This data set is not exactly huge by any measure, but it is somehow complex and importing this data into Datastore involves the building of various aggregations to make our system run light and fast.
We basically have three datasets:
- Country names - Simple set with 250 entries, linking all iso codes to the respective country name in english. Importing this set is a breeze!
- World Locations - All cities, regions and locations of the world, with latitude and longitude as well as zipcode and state/region names. This set is as big as 316.848 entries. For every entry, e query the country dataset and retrieve the country name.
One important detail: we don't link the location table to the country table. We fetch the country name and save it into the location table. This can save a lot in future unnecessary requests to the country table.
In order to allow for easily searching for locations, we create another aggregation to store slices and references of this location in an easy to query manner.
Another important bit, is to aggregate locations by proximity. We need to know what regions are nearby, because querying a dataset of 316k+ entries everytime we need to build a test for a region is impossible.
Importing each entry, and building all the aggregations takes an average of 2 seconds (import rate is 30 per minute), and at that rate, it would take about 176 hours to finish (about 7 days).
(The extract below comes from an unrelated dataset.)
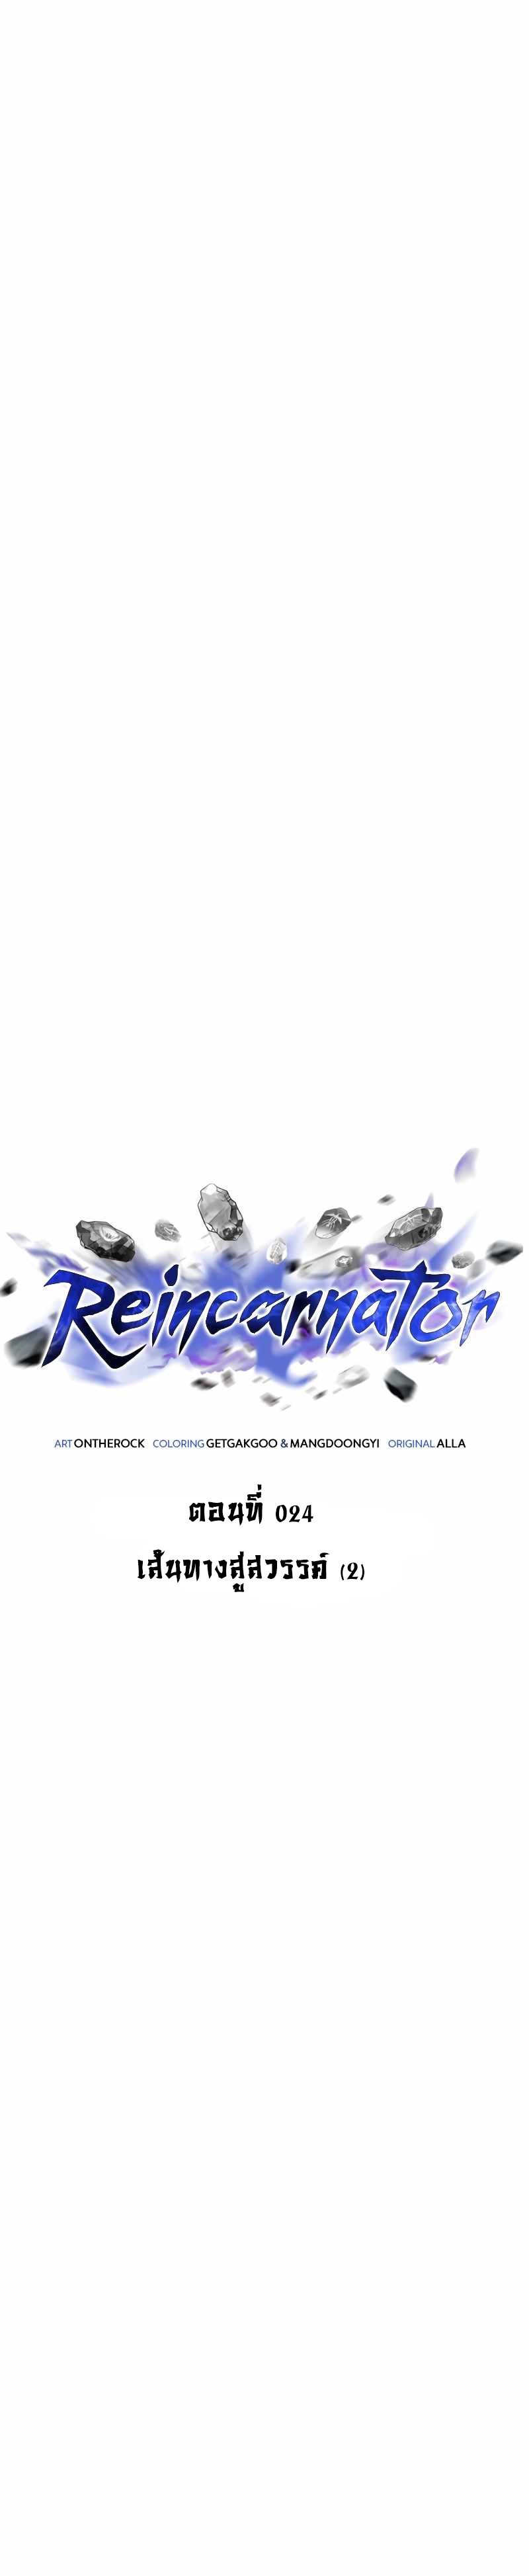 Reincarnator 24 (1 3)

- IPv4 Blocks - A large data set containing over 3 million entries, linking ipv4 ranges to locations. With this data set, we can tell from an IP what is its origin. For each entry here, we query the locations database, and save the location data into the IPv4 ranges table so we avoid the need of future unnecessary queries. Processing rate is around 40 entries per minute, and estimate time to finish is about 1538 hours, or about 64 days of continuous processing.
So, total time to import all this data would be around 71 days and hundreds of hours!
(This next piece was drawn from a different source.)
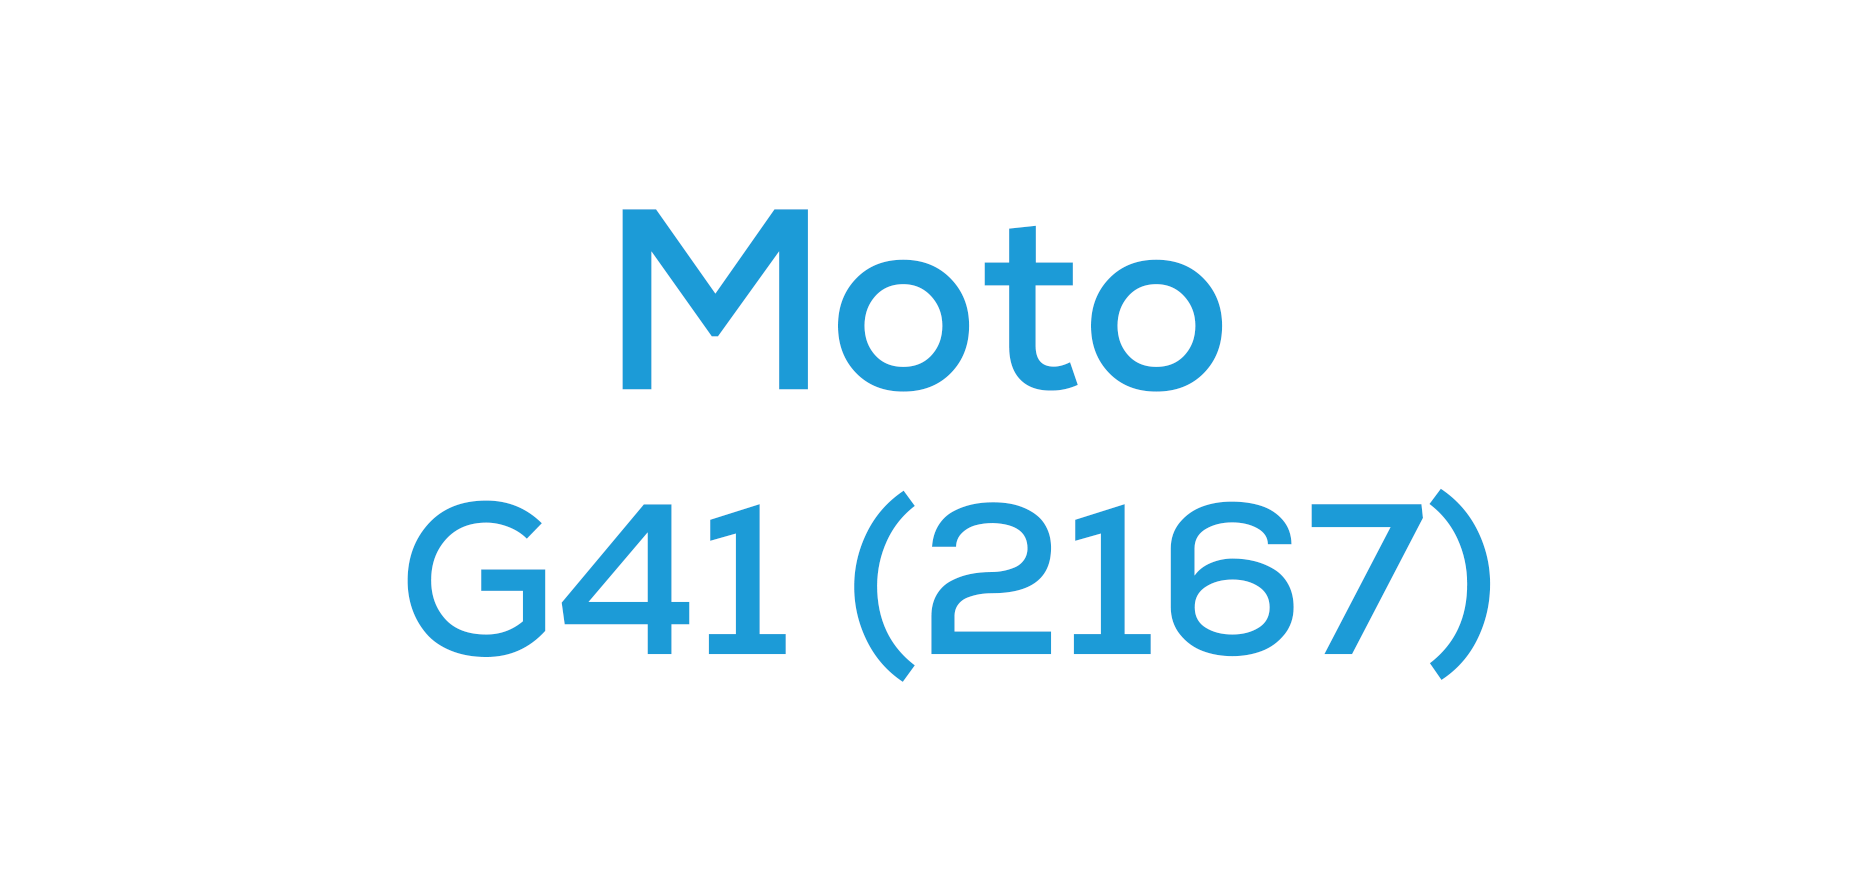 Moto G41 (2167)

My first attempt involved the use of regular frontend instances for importing the data. I wrote a view that would accept a json containing the data, and would create the entries in the datastore. Problem with that is that you need to have a script running in your local machine, you need to send a bunch so you save time with latency, and you have to make that bunch fit into the 30 seconds request limit or risk to have data lost.
I managed to put this script to work, and it was doing great. But sometimes a given set of data would take more than 30 seconds and would screw up with the import from time to time and I had to baby sit the script all time and watch the logs. Soon I figured that it would take too long if I continued using this approach, and decided it was time to try something else.
Google provided appengine users with backend instances, that have to response time limitations and can work as dedicated machines for processing large amounts of data like what we have at hand. No need to have a script running on my machine, and more chances to abuse limitations (like urlfetch response time, for example).
Soon I figured that not all is possible there, though. First frustration was to figure that urlfetch can't download anything larger than 32mb, and I obviously needed to download a csv file much larger than this in order to parse the data.
Another limitation is the 10gb memory limit for backends. My script is very slim (each instance consumes only 50mb) but it will count memory towards the amount of memory the backend instance makes available for you, which means that if you get a larger instance, the amount of instances you can run at the same time is reduced drastically.
For example: I can run 80 B1 instances, 40 B2 instances, 20 B4 instances or 10 B8 instances. If your script needs to crunch a huge dataset and consumes a lot of data, you're stuck with that.
Fortunately, this isn't always necessary, and you can always try to combine backends with tasks and frontend instances if you want to go beyond these limits. You can also ask appengine support for an increase too, but not sure if this is due to a technical limitation or if they can easily give you more instances at will.
I went forth and decided to use 60 instances to crunch that data. The outcome: same final cost (in the end, you'll be processing the same amount of data, so same amount of instance hours) but much faster: 3 hours for the locations data set and almost 3 days for the ip blocks dataset. Much better!
To solve the 32MB limitation, I created a simple python cgi script and hosted in my dreamhost account to serve slices of the file on demand to each instance. Now, they're downloading just about 2MB worth of data and I can run B1 instances due to much lower memory footprint needed to run in this case.
We're also using memcached heavily to reduce amount of datastore api requests (and reduce costs with that, as well as speed up the processing).
After all, I'm happy with backends and how easy it is to just load 60 instances to crunch whatever amount of data you need. If I had to do that somewhere else it would be much harder and much more expensive than that.